4. ASSESS THE RISKS AND ISSUES ASSOCIATED WITH IMPLEMENTATION
Next, assess the risks or issues that might arise during the implementation. Potential risks and issues to consider include:
- Operational Risks: Some operational risks to consider include low user adoption due to software that is complicated to use, or low reliability/continuity of operations. These risks can be mitigated with a reliable solution that is intuitive, easy to navigate, and comes with a wealth of training resources.
- IT Risks: Look for a way to deploy a new solution that gives you minimal IT impact – cloud solutions will reduce the burden on your IT staff.
5. RECOMMEND THE PREFERRED SOLUTION AND DESCRIBE THE IMPLEMENTATION APPROACH
Once an organization determines the benefits and costs for each potential solution, it can recommend a preferred solution and begin outlining the implementation approach to give sponsors confidence that the implementation has been well thought through.
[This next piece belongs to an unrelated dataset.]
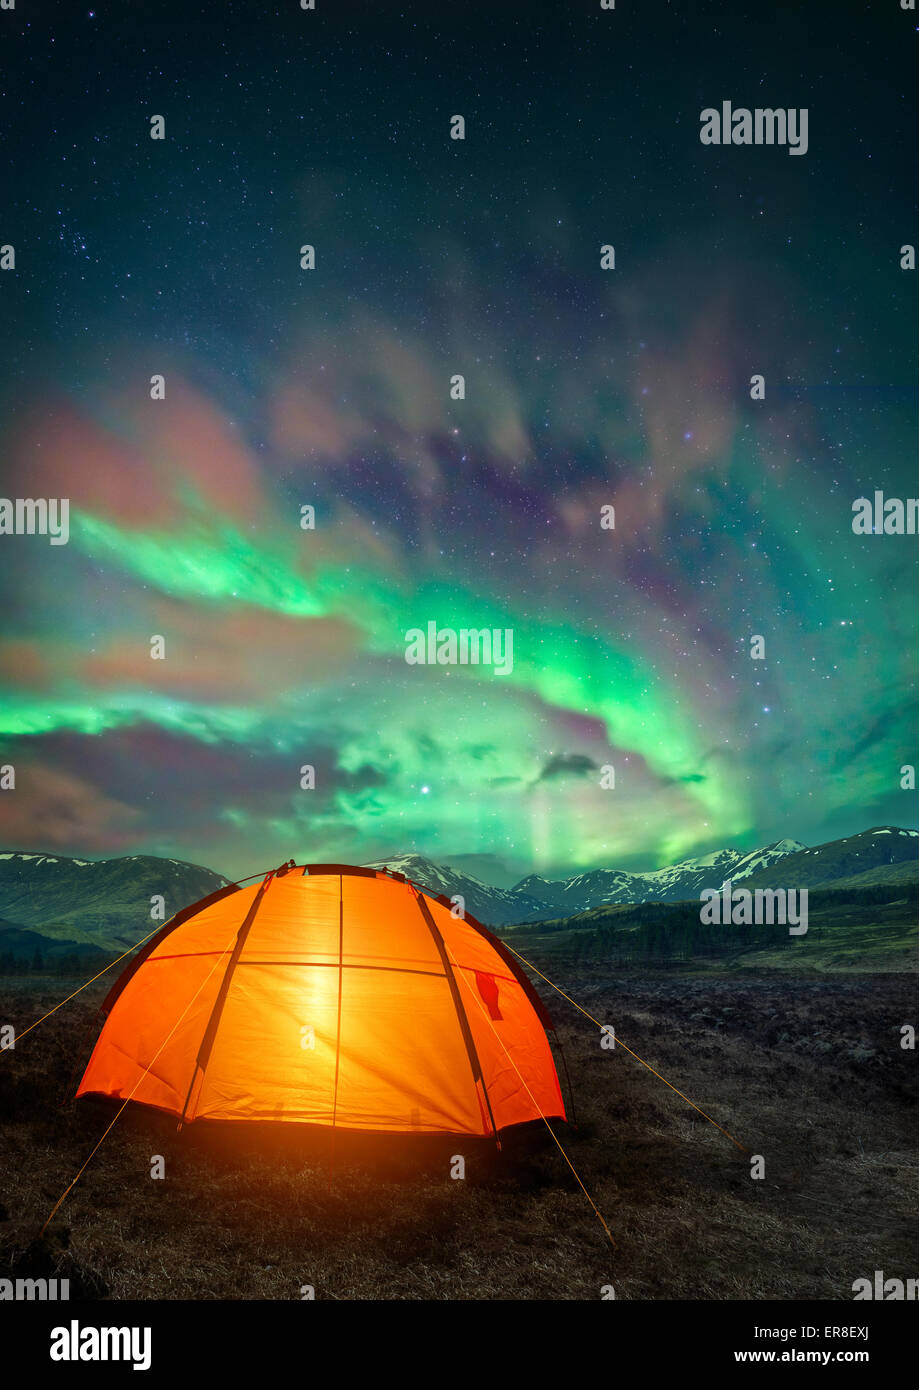 Une tente de camping glowing sous les aurores boréales. Camping de nuit scène. Banque D'Images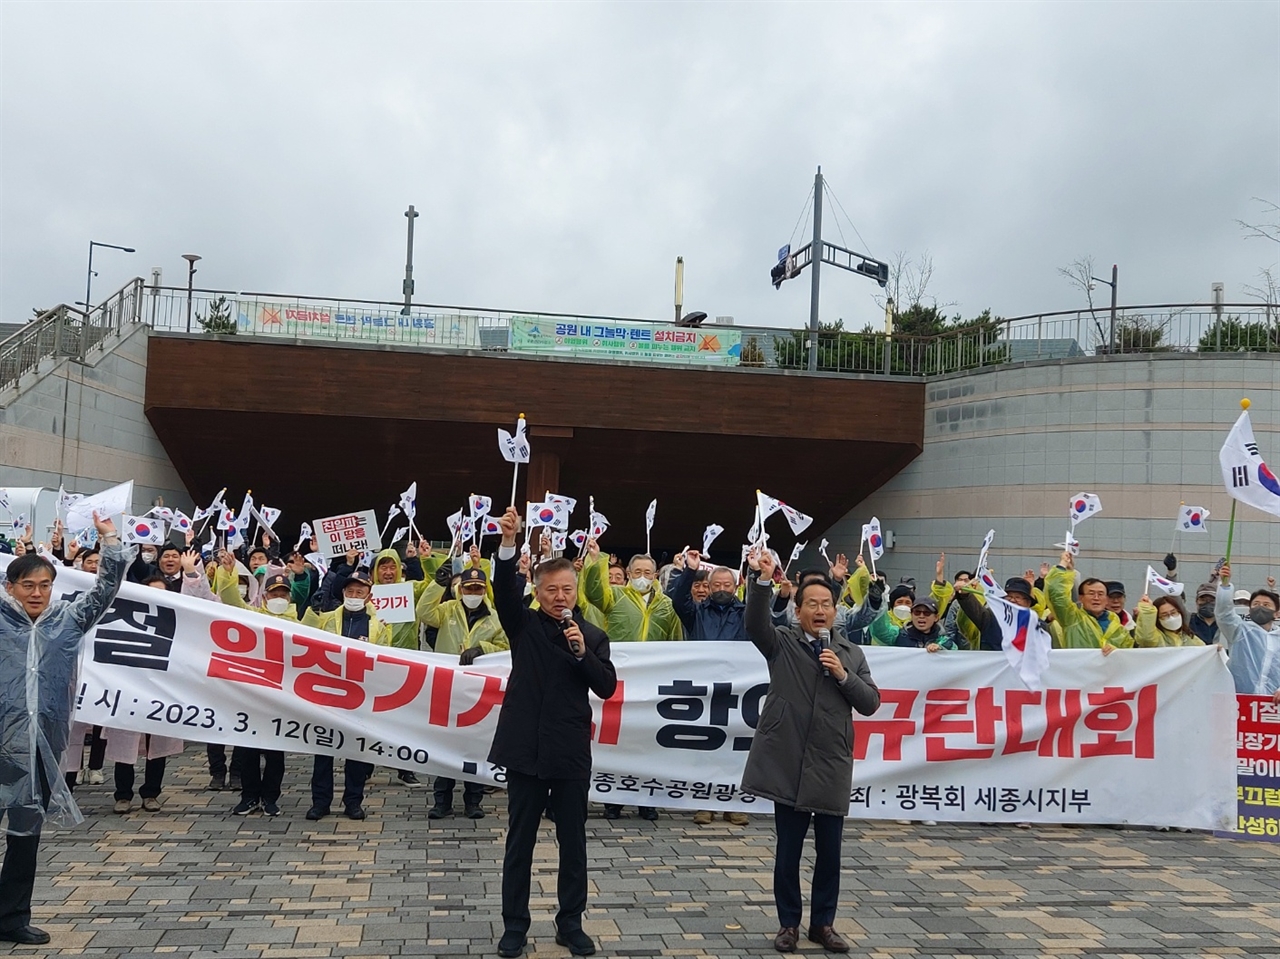 광복회 세종시지부(지부장 이공호)는 12일 오후 2시 세종호수공원에서 3.1절 일장기 게시 항의 규탄대회를 개최하고 있다.

When looking to a vendor’s professional services arm or systems integration partner to help with the implementation, consider factors such as:
- The vendor’s skills and knowledge of delivering solutions for your particular industry
- The longevity and experience of the business providing the service
- Use of an implementation methodology that tracks a critical path for all the steps that must occur
- How well they document the implementation process, milestones, and deliverables
By following this process, organizations will have the tools they need to precisely measure the value of any technology investment to their operation and present a solid business case that proves the value of the solution on the organization’s operational efficiencies.